_Instructions to follow_
Any picture in the range stays out of the copy; retype exactly the lines from the one with "2017 Hearst CT Home Design magazine 37.jpg" to the end of the listing.
*** Data shown Section Begins ***
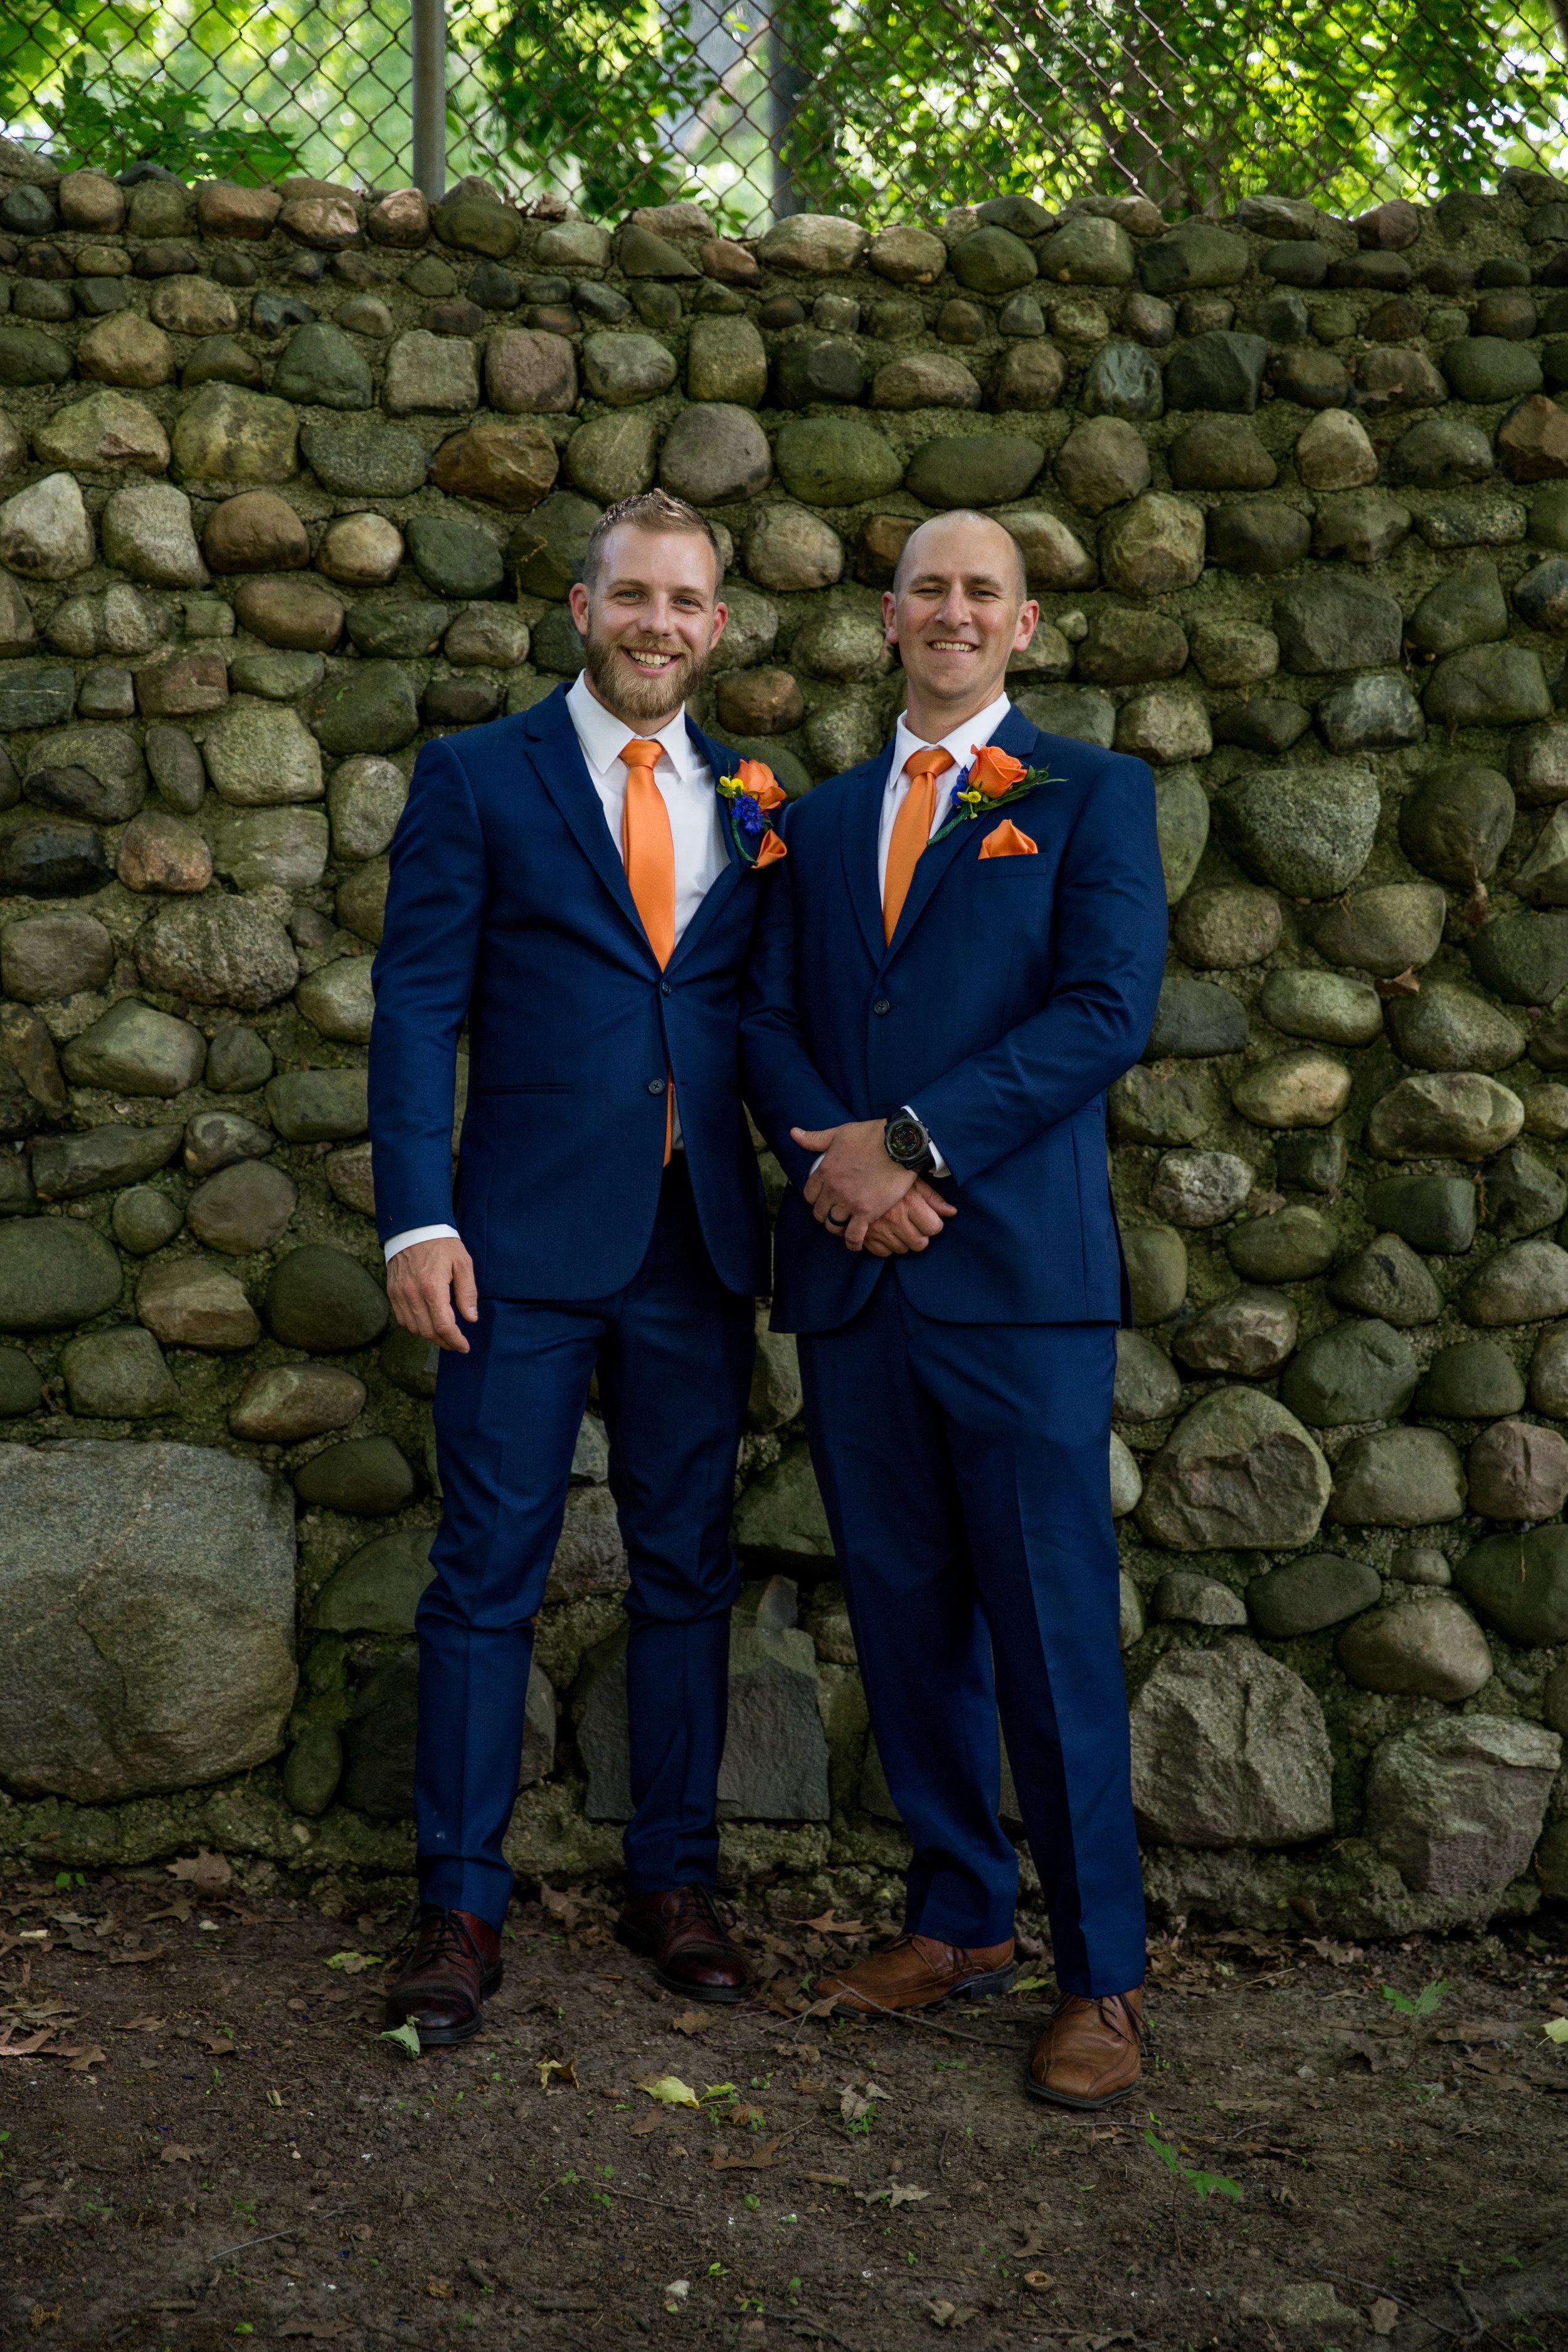 Natalie and Dallas Mooney Wedding 6-8-19_Tania Watt Photography-324.jpg
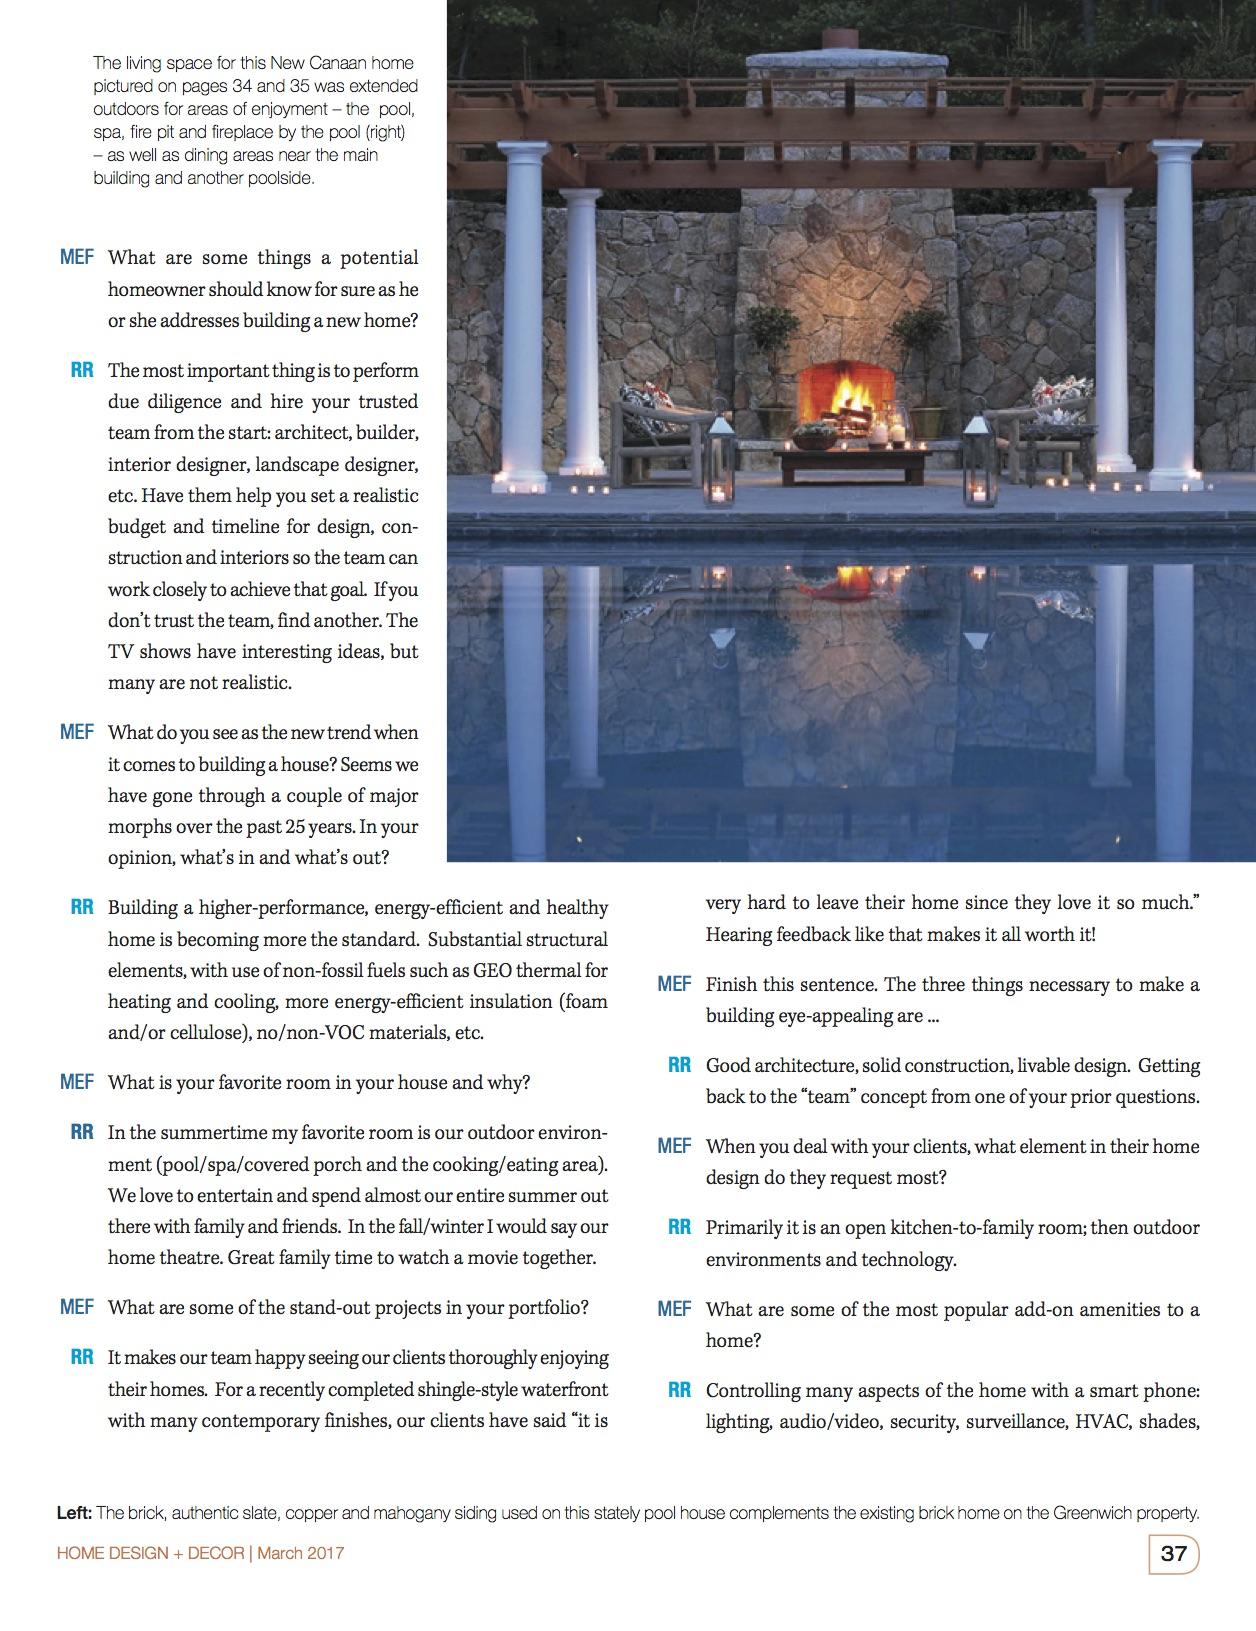 2017 Hearst CT Home Design magazine 37.jpg
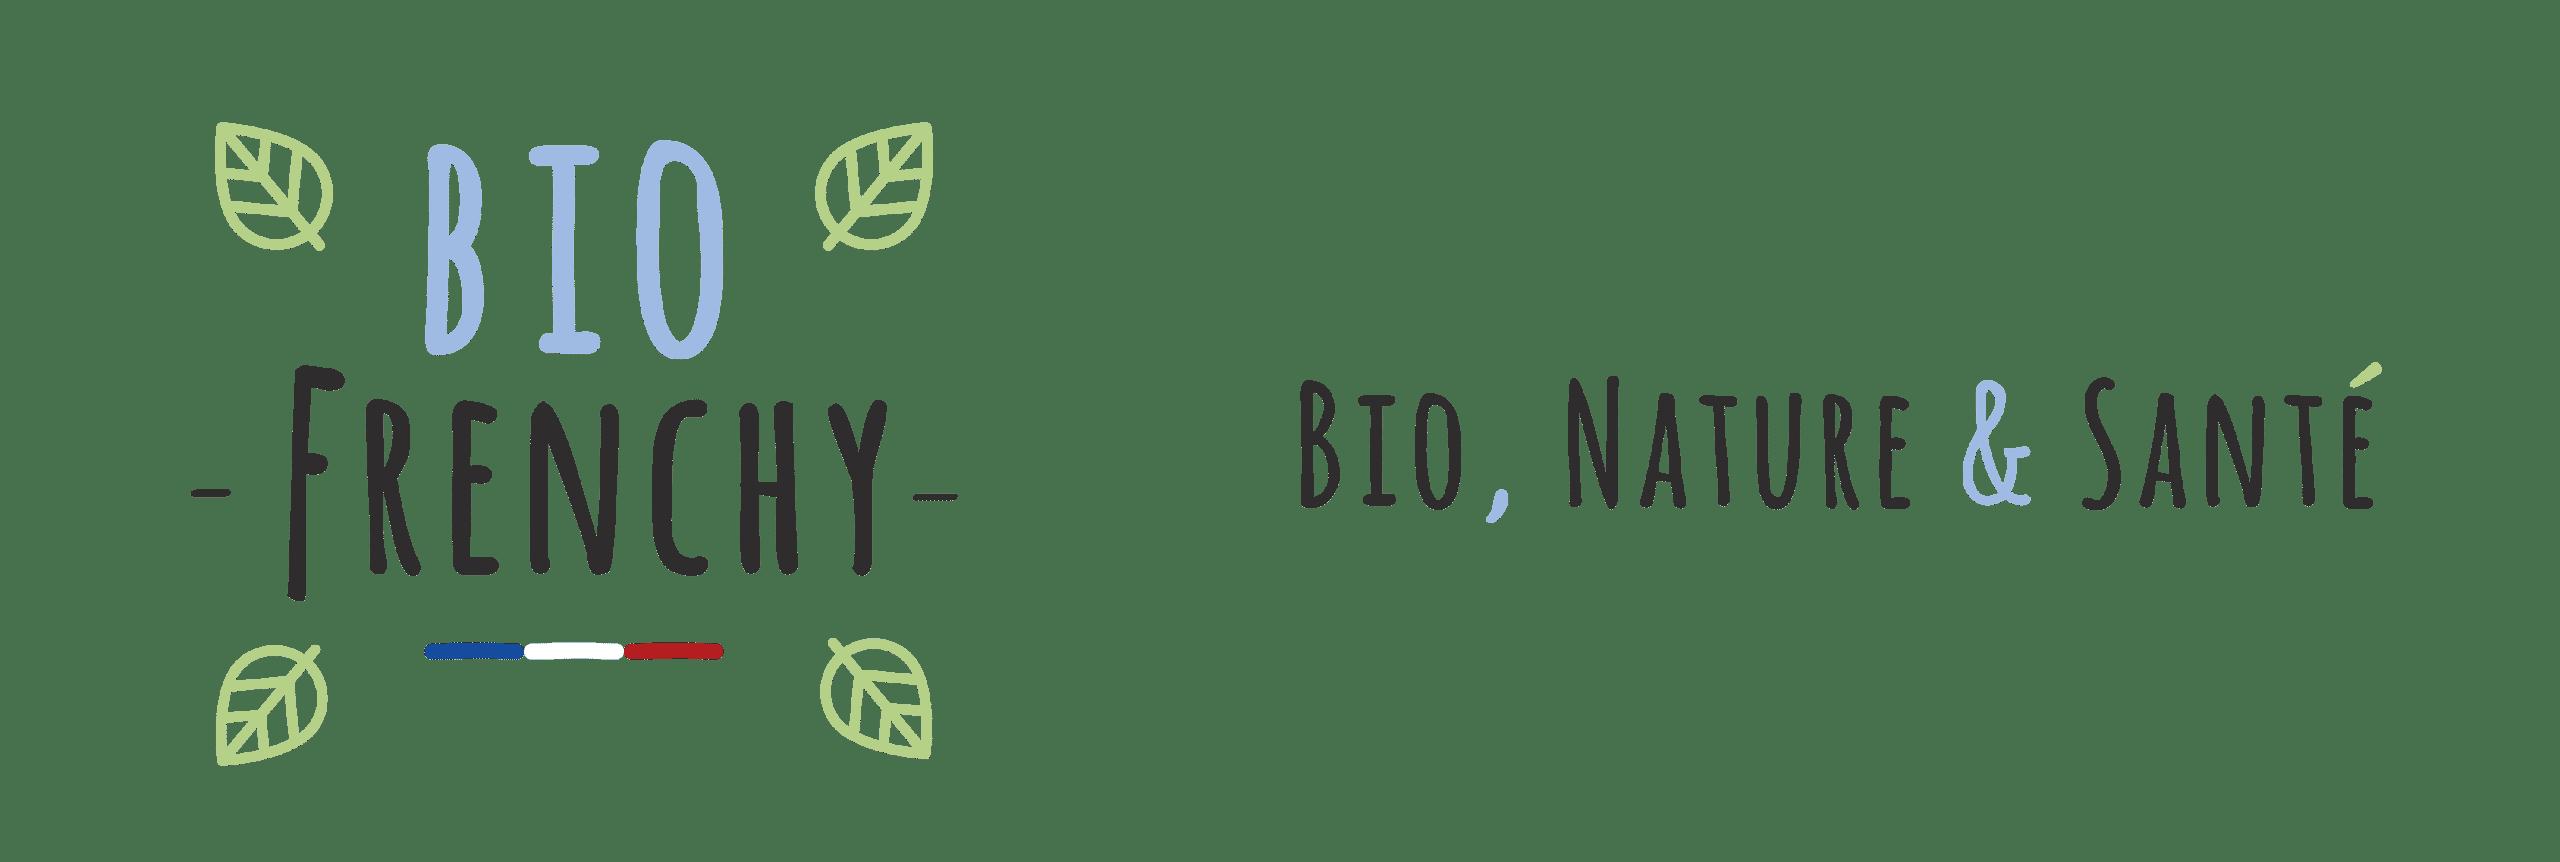 Biofrenchy
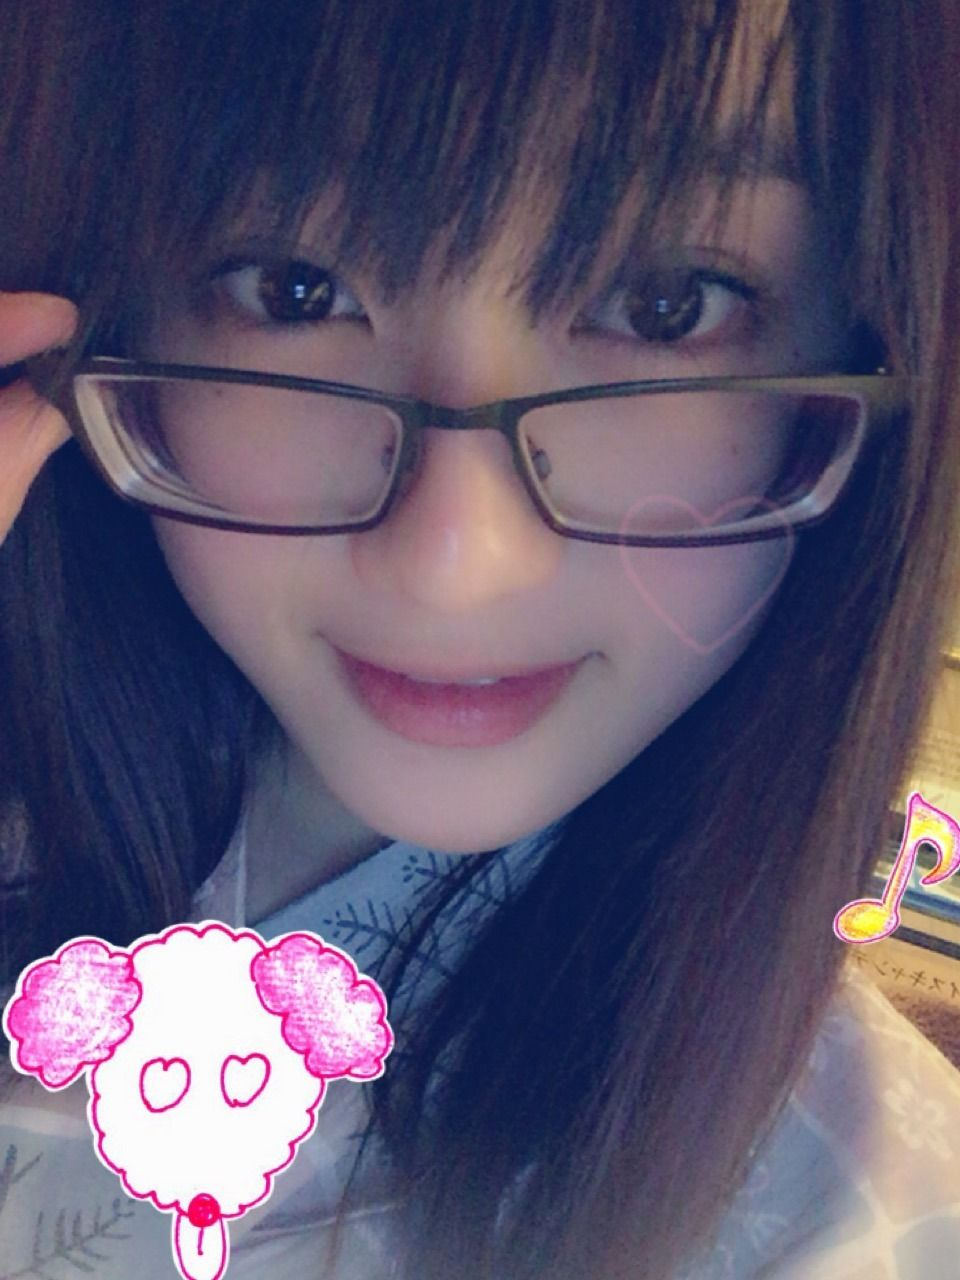 wpid-sub-member-913_01_jpg
*** Data shown Section Ends ***
_Response_
 2017 Hearst CT Home Design magazine 37.jpg
 Biofrenchy
 wpid-sub-member-913_01_jpg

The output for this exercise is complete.